Friday, May 17, 2013

Where's Chief Bromden When You Need Him?

Being bipolar fucking sucks.  It really does.  Especially if you're an average Joe who doesn't have the cash flow like Catherine Zeta Jones to just check in for preventative care whenever you feel like it.  Most of us have to deal with it on our own.

I have to say, I'm really fucking tired of it.  I have enough mental shit to deal with, I hate this bipolar bullshit on top of my PTSD and anxiety/social anxiety crap.  Some people try to understand, but unless you are bipolar or have some other mental illness, you can't understand what it's like.
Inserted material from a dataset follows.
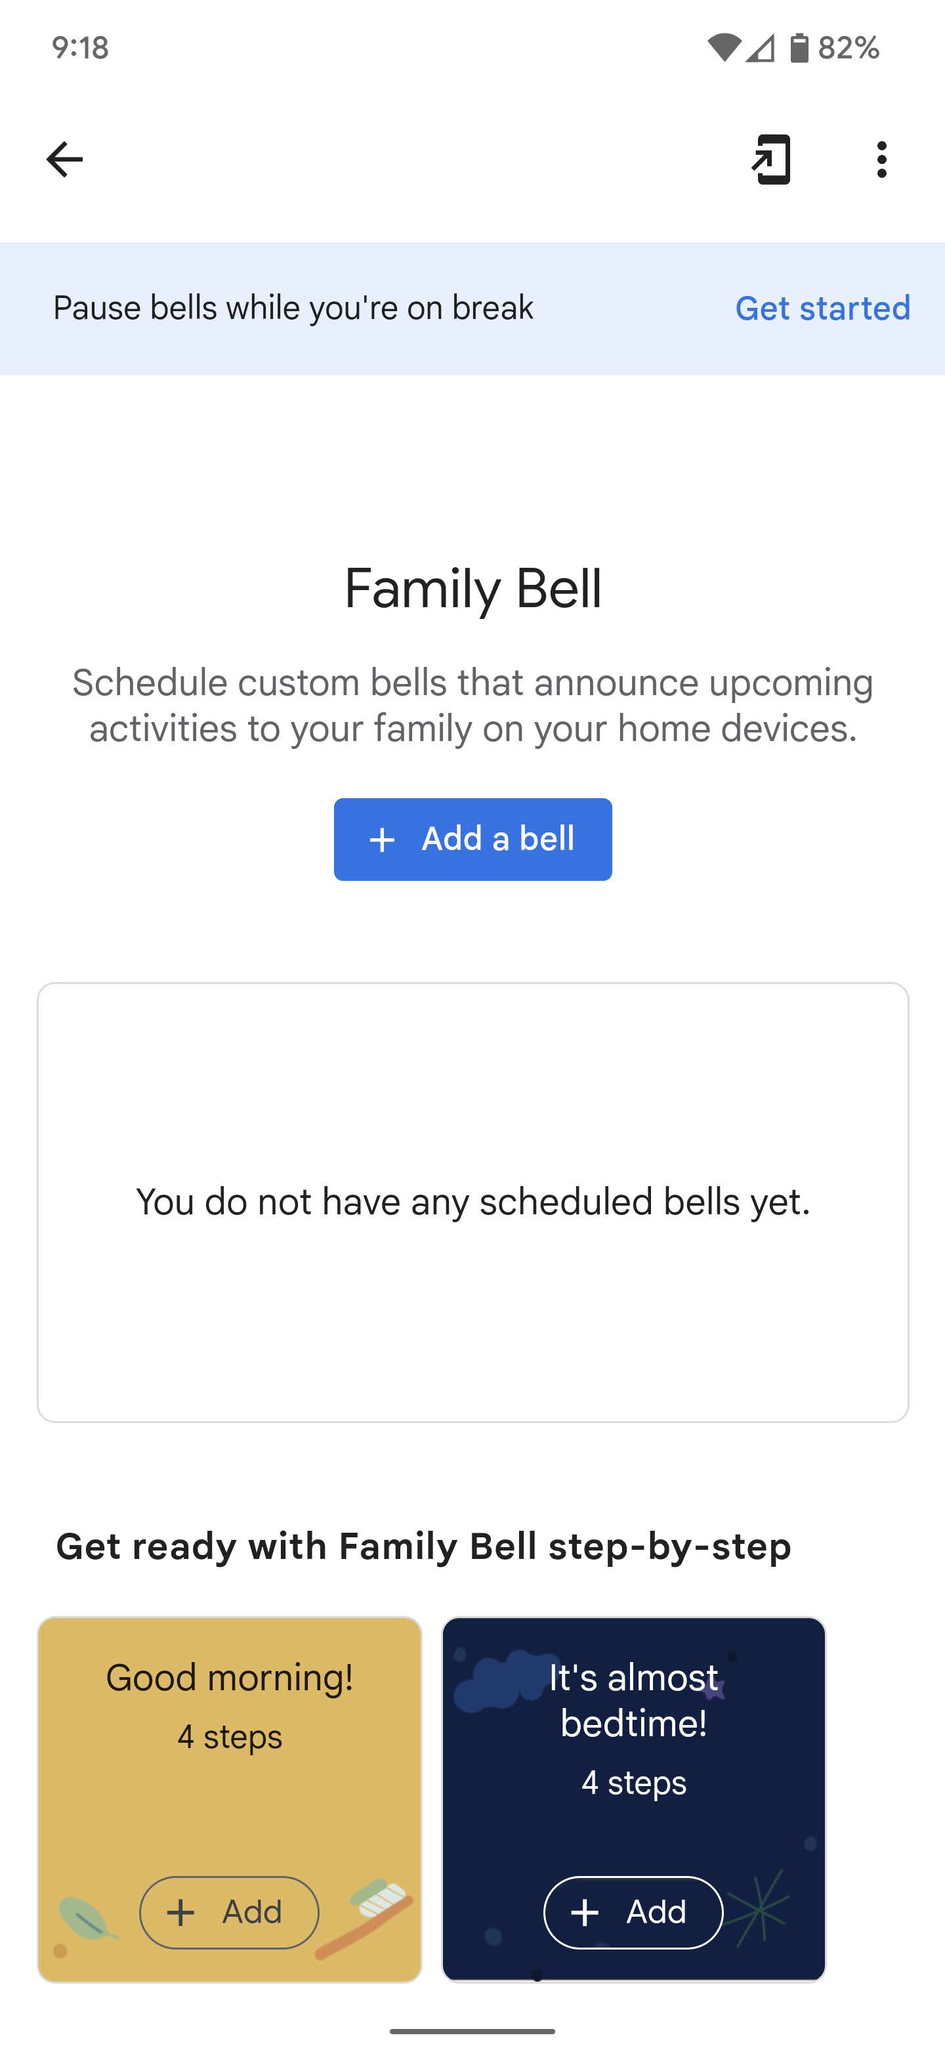 Google Family Bell Screenshot

Hell, I wish I understood or could stop my mood swings or depression.  I wish I could control it better.  I try, I try really fucking hard, but sometimes it's just too much.  It consumes me.  It consumes all my energy and just drains me.  It makes me feel like I'm a huge failure because I can't be the person that I want to be.  I would LOVE to be fucking normal.  Unfortunately, I'm not.  I'm a fucked up basketcase.  I can't apologize anymore for who I am.

Some people tell me to stop using my illness as an excuse, you know what, it's not a fucking excuse, it's what it is.  I'm sorry that you aren't willing to accept me for what I am or who I am.  But what the fuck.  I spent years being strong and I spent years trying not to be so fucking sensitive and I became this fucking zombie.  I hated when I was like that.  When I was like that, I was so mean.  I was so fucking mean and I never cared about anyone's feelings because I was fucking numb and I couldn't feel anymore so I forgot anyone else could.

So now I'm extra sensitive and words hurt me and for the first fucking time in my life I am allowing myself to not hide behind this fake mask.  I am allowing myself to feel. 

My bipolar makes me want to punch myself in the face.  My PTSD comes and goes as it pleases these days.  My anxiety makes me want to crawl out of my skin and my social anxiety makes me want to just hide in a dark hole.

I hate being mentally ill.  The reason why I hate it is because everyone else treats me like I'm a leper.  Everyone makes me feel like I shouldn't be feeling my feelings.  It's like my feelings don't matter because they are not the same as everyone else's.  That's how people make me feel, just because I have mental illness.  Like the fact that I'm mentally ill negates the fact that I am also human.  If that makes any sense.

I don't even know what I'm trying to say anymore because I'm just so difjrewgoihsjdkjvnsxk y'know?  You know when there isn't even a work to describe it... and you just want to scream random sounds and punch your keyboard?  That.  That's what I am feeling right now.